8. Sec.2(15) speaks about “charitable purposes” and the definition given therein includes “education”. The word “education” occurring in s. 2(15) of the Act came for judicial review in the case of Loka Shikshana Trust’s case (supra). It was observed : “The sense in which the word’education’ has been used in s. 2(15) in the systematic instruction, schooling or training given to the young is preparation for the work of life. It also connotes the whole course of scholastic instruction which a person has received. The word ‘education’ has not been used in that wide and extended sense, according to which every acquisition of further knowledge constitutes education. According to this wide and extended sense, travelling is education, because as a result of travelling you acquire fresh knowledge. Likewise, if you read newspapers and magazines, see pictures, visit art galleries, museums and zoos, you thereby add to your knowledge. Again, when you grow up and have dealings with other people, some of whom are not straight, you learn by experience and thus add to your knowledge of the ways of the world. If you are not careful, your wallet is liable to be stolen or you are liable to be cheated by some unscrupulous person. The thief who removes your wallet and the swindler who cheats you teach you a lesson and in the process make you wiser though poorer. If you visit a night club, you get acquainted with and add to your knowledge about some of the not much revealed realities and mysteries of life. All this in a way is education in the great school of life. But that is not the sense in which the word ‘education’ is used in cl.(15) of s. 2. What education connotes in that clause is the process of training and developing the knowledge, skill, mind and character of students by normal schooling.”

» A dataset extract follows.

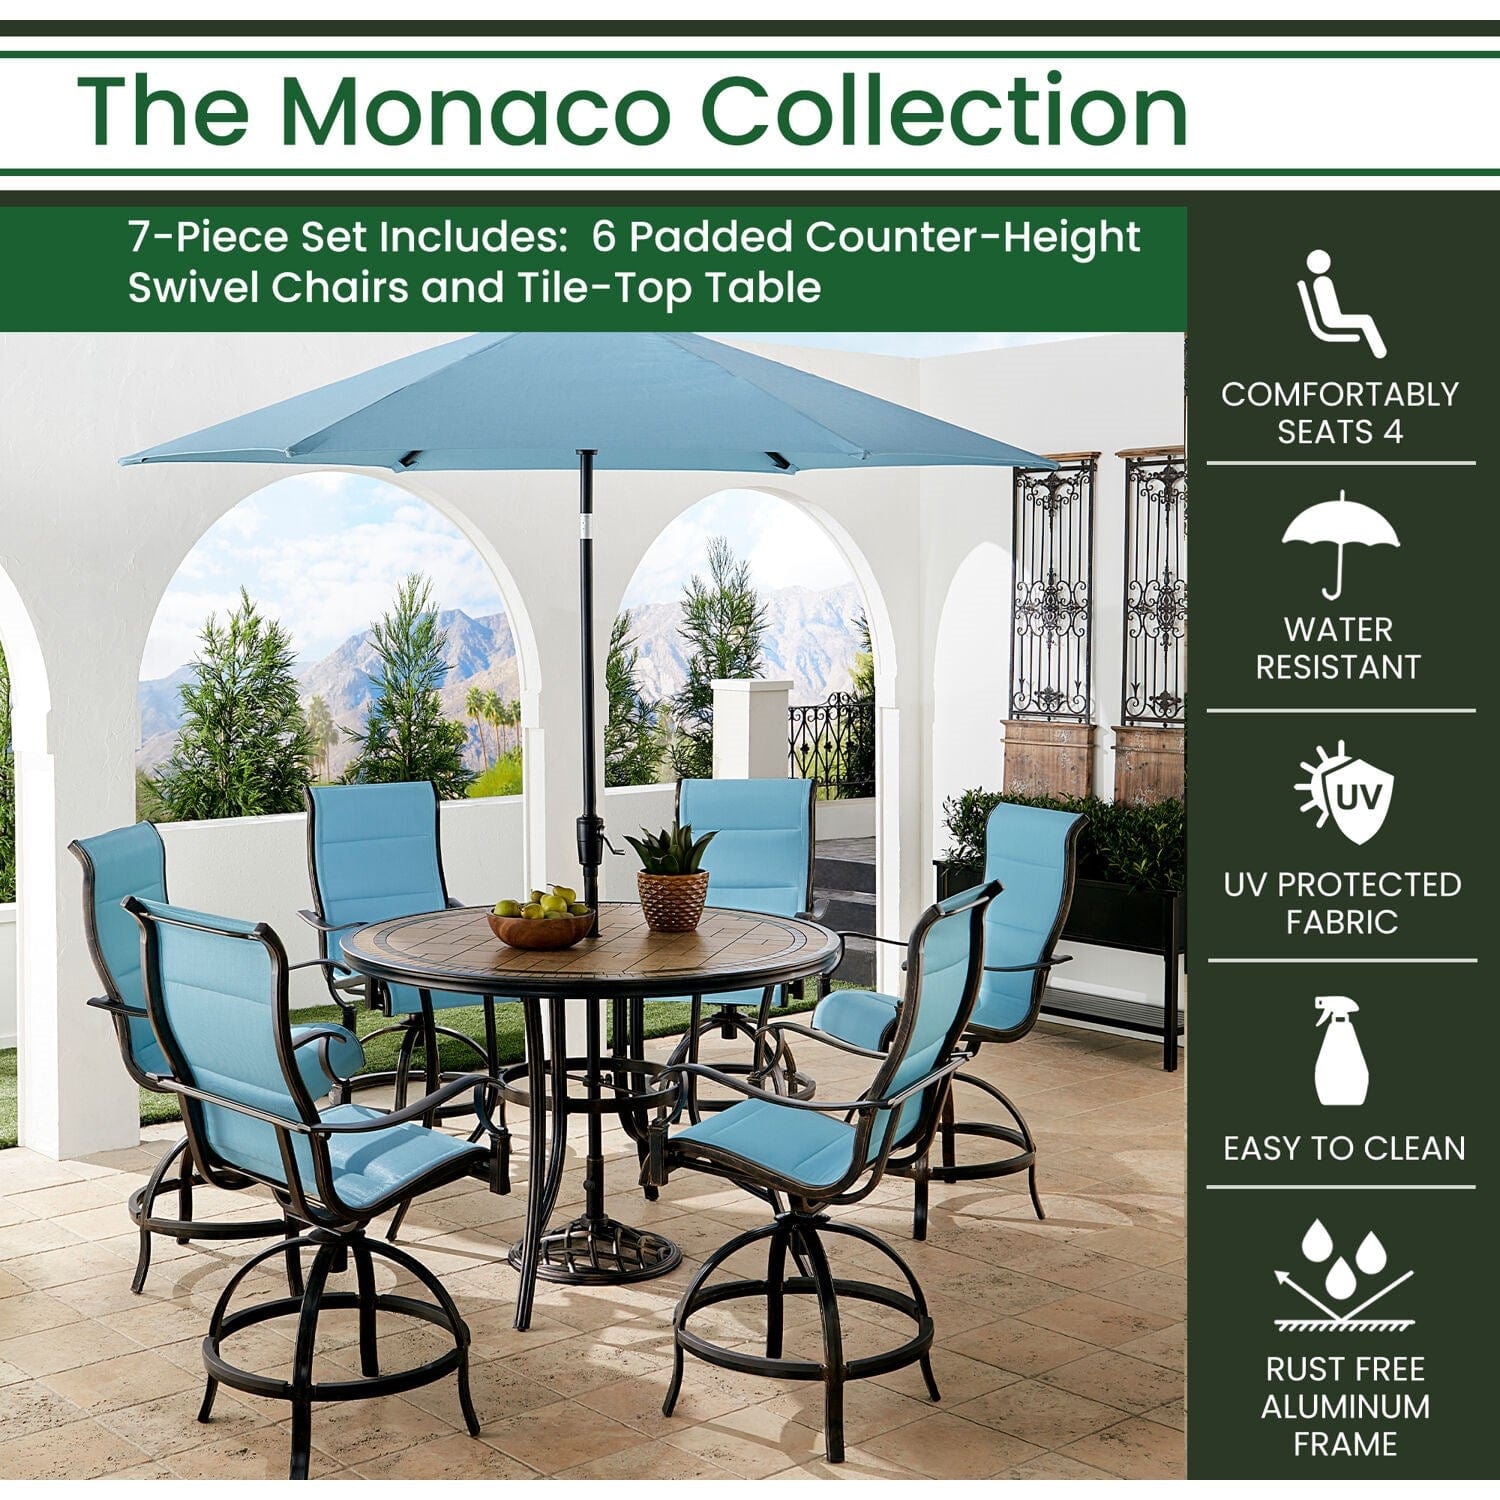 Hanover Outdoor Dining Set Hanover Monaco 7-Piece High-Dining Set in Blue with 6 Padded Counter-Height Swivel Chairs, 56-In. Tile-Top Table and 9-Ft. Umbrella | MONDN7PCPDBRC-SU-B

9. Though their Lordships had no occasion to deal with s. 10(22) of the Act, the pronouncements are wide enough to cover the case of an “educational institution” because under s. 10(22), the “educational institution” must exist “solely” for educational purposes.

10. The Tribunal tried to make a distinction between the word “education” used in s. 2(15) and the words “educational institution” occurring in s. 10(22) of the Act. According to their Lordships of the Supreme Court, visiting a museum is one way of education in the great school of life but that is not the sense in which the word “education” is used in cl.(15) of s. 2 of the Act. According to their Lordships, “education” connotes the process of training and developing the knowledge, etc., of students by normal schooling. In this view of the matter, the museum cannot be taken to be an “educational institution” existing”solely” for educational purposes. Sec. 2(15) is wider in terms than s. 10(22) of the Act. If the assessee’s case does not fall within s. 2(15), it is difficult to put it in s. 10(22) of the Act.

We, therefore, hold that the assessee(trust) is not an “educational institution” within the meaning of s. 10(22) of the IT Act,1961. It is, therefore, liable to be assessed under the Act.

The reference is thus answered against the assessee and in favour of the Revenue.